A better way would be... "What can this drawing represent?"
Then you get possibilities like, pangolin, armadillo, aardvark, sheep, goat, mythical creature, heraldic emblem, satirical representation (e.g., political, religious, etc.), golden fleece, hybrid animal, agnus dei, and several others.
If you work through them, you can often shorten the list to the most likely possibilities. But don't make a decision about what it is yet. It would be premature.
Now take the next piece of evidence and investigate that and see how it relates the creature, to see if any of the results of THAT list and then the next and the next. You might have to investigate 1,000 or 10,000 pieces of evidence before you can come back to the first one and see potential patterns.
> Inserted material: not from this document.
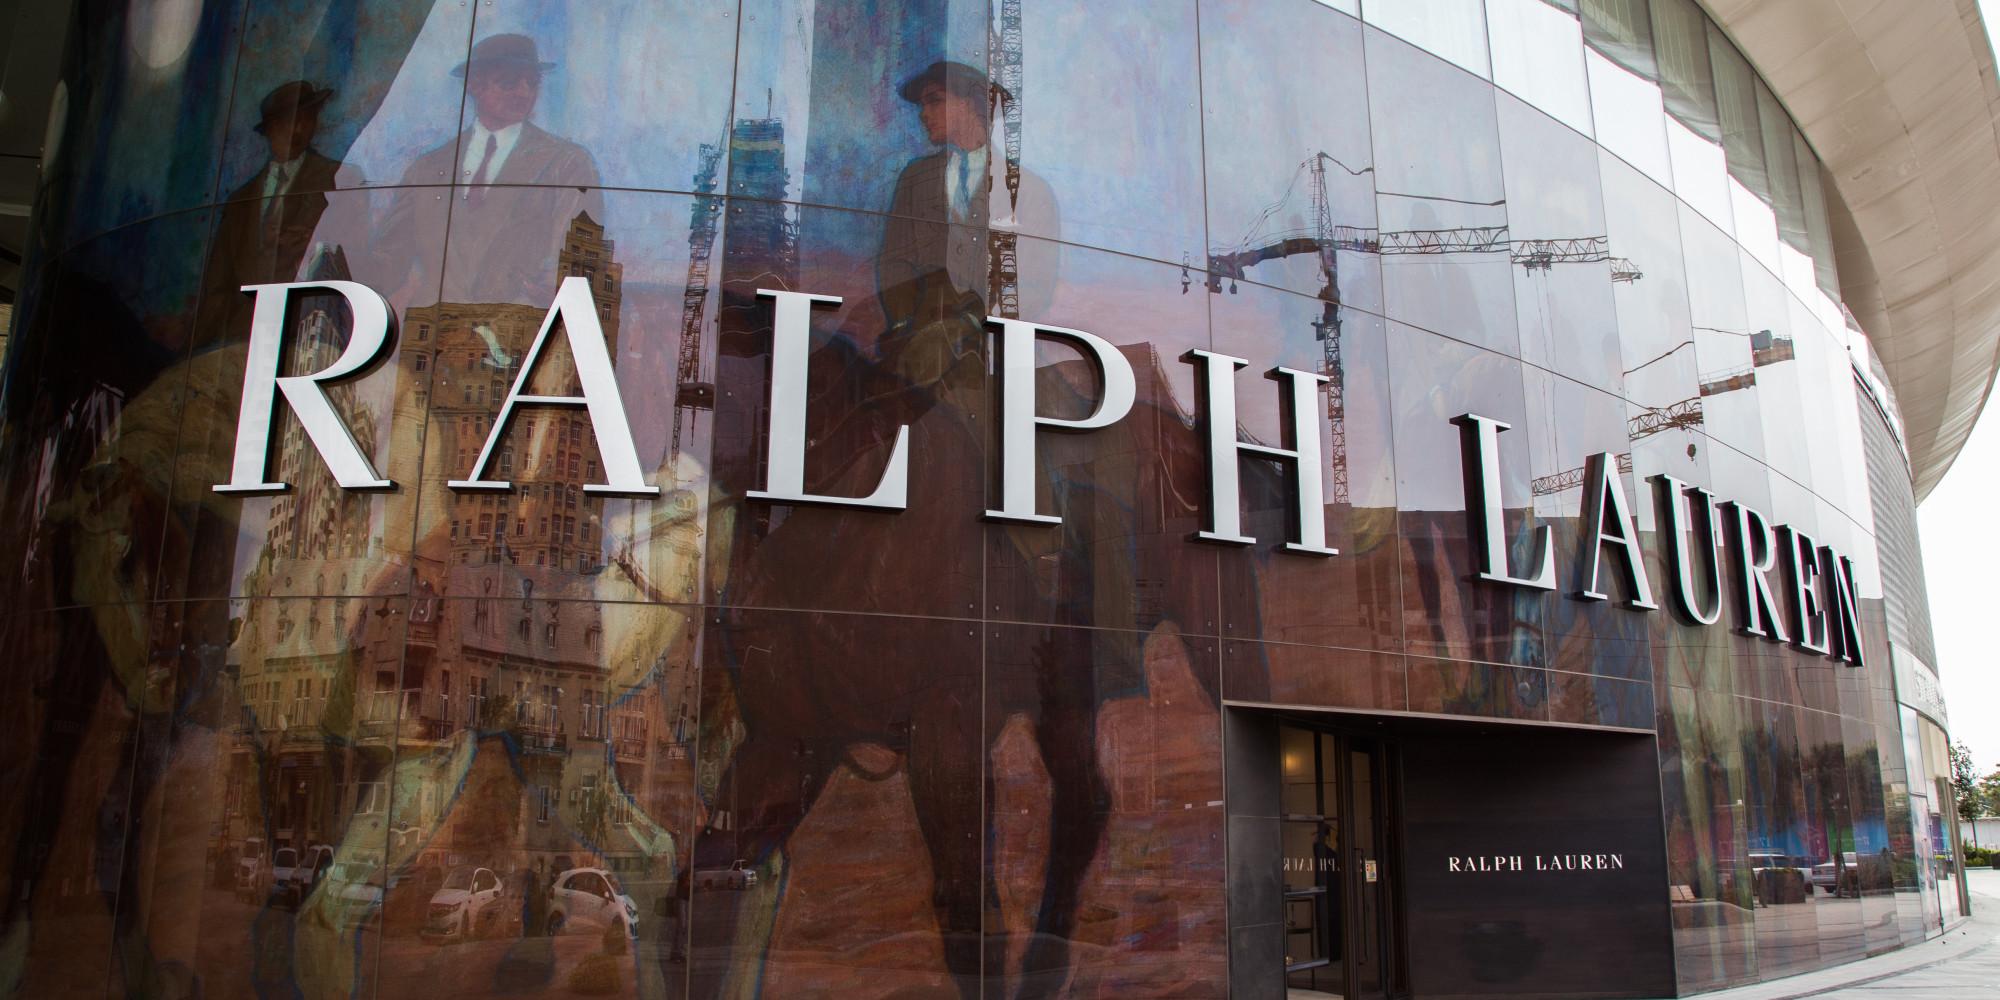 ralph lauren supprime des emplois et ferme des magasins

You said you've done 40 years of research, but if it was 40 years of cherry-picking and assumption-filtered investigation, then it wasn't really research. With the VMS, you have an opportunity to do REAL research.
By the epoch 1404 to 1438, the rebellions against the Church of Rome were completely crushed and Catholicism reigned supreme, resulting that the religious beliefs of the Catholics were expressed in many manuscripts of that epoch. The VMS, however, not only reflects virtually nothing of the Catholic religion, it establishes several links to a rebel religion that was stamped out some two hundred years earlier. In those circumstances, it makes sense to look through the VMS to see if it depicts anything not normally seen in Europe.
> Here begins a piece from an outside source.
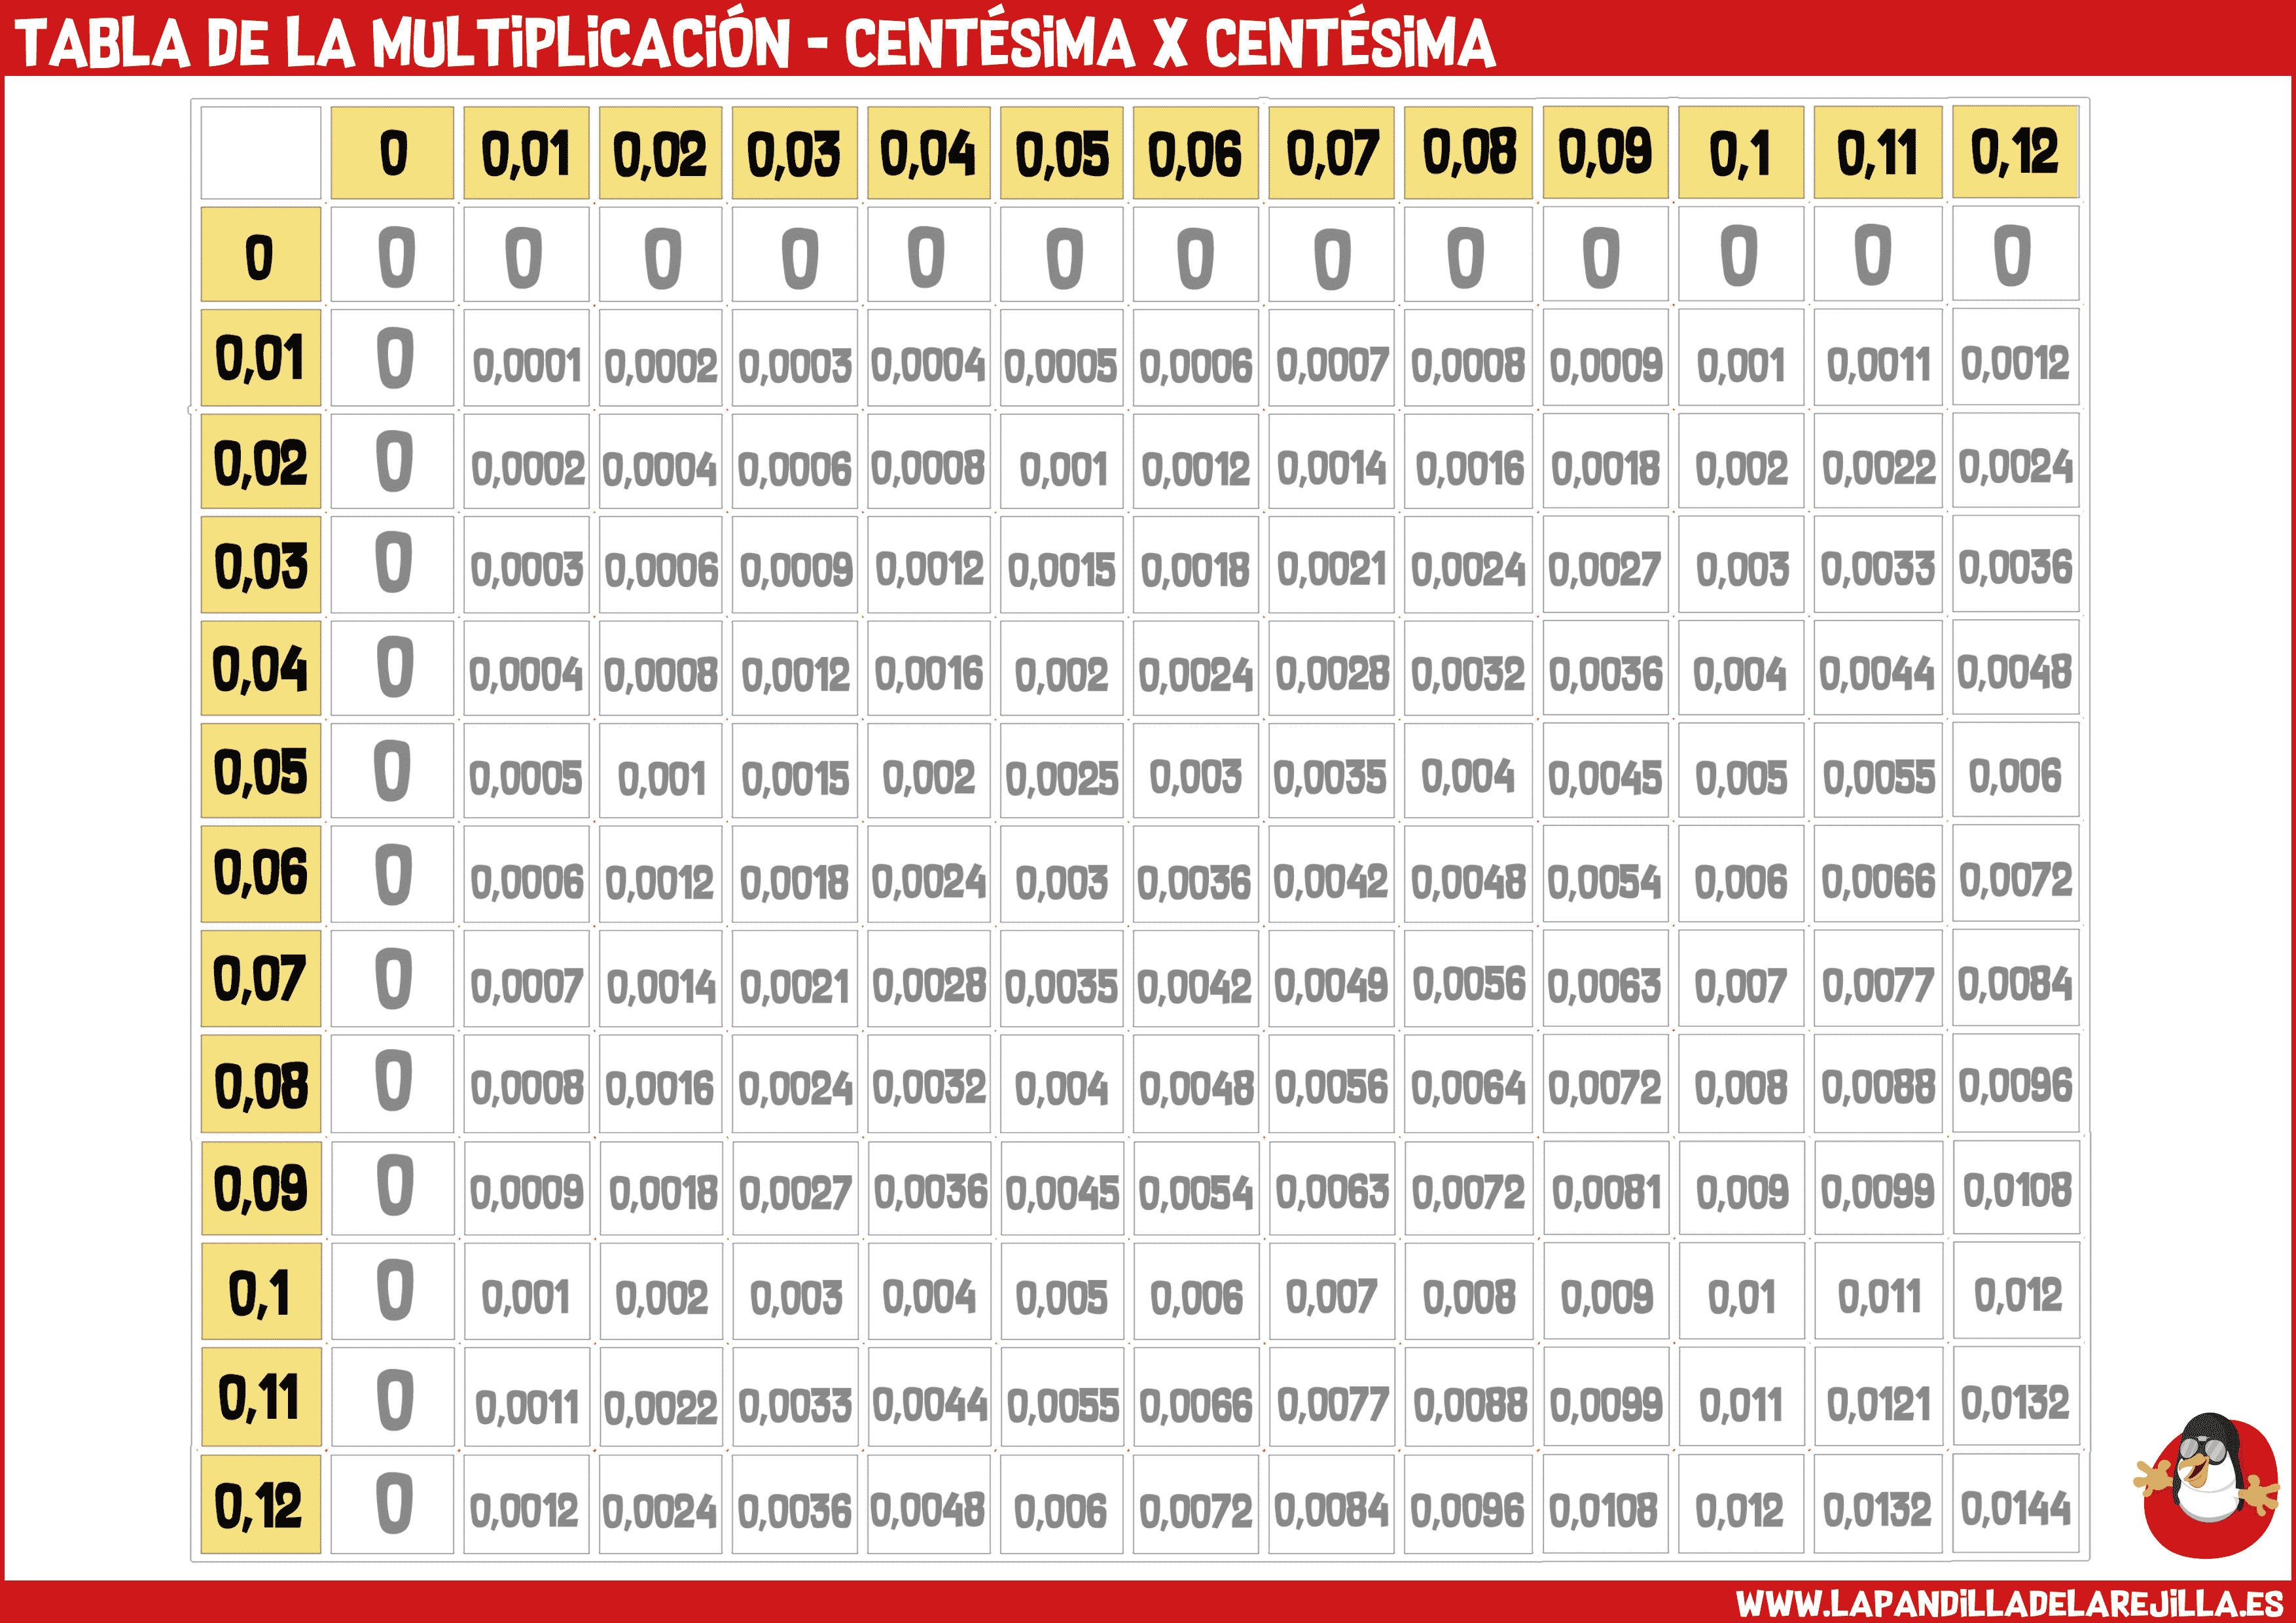 Tabla de la Multiplicacion - Centesima x Centesima

Enter the mystery animal of f80v. You see it here on the top left:
Just to the right of the mystery animal, you see an armadillo, which is an animal native to the Americans and never seen in pre-Columbian Europe. Notice that the mystery animal and the armadillo both have scaly skin, similar looking ears, similar looking hind legs, and a short tail. Six hundred years ago, there were many species of armadillo in the Americas, many of which are now extinct, but at least one species of armadillo without bands is still extant.
Below the mystery animal, you see a pangolin, an animal whose native habitat is southern Africa and southeastern Asia. It too has scaly skin, but unlike the mystery animal, it has ears that are hard to detect, thick hind legs, and a very long tail.
So, what is this mystery animal likely to be?
i. an armadillo?
ii. a pangolin?
iii. a "mythical creature" that looks like an armadillo?
Recall Koen's Razor.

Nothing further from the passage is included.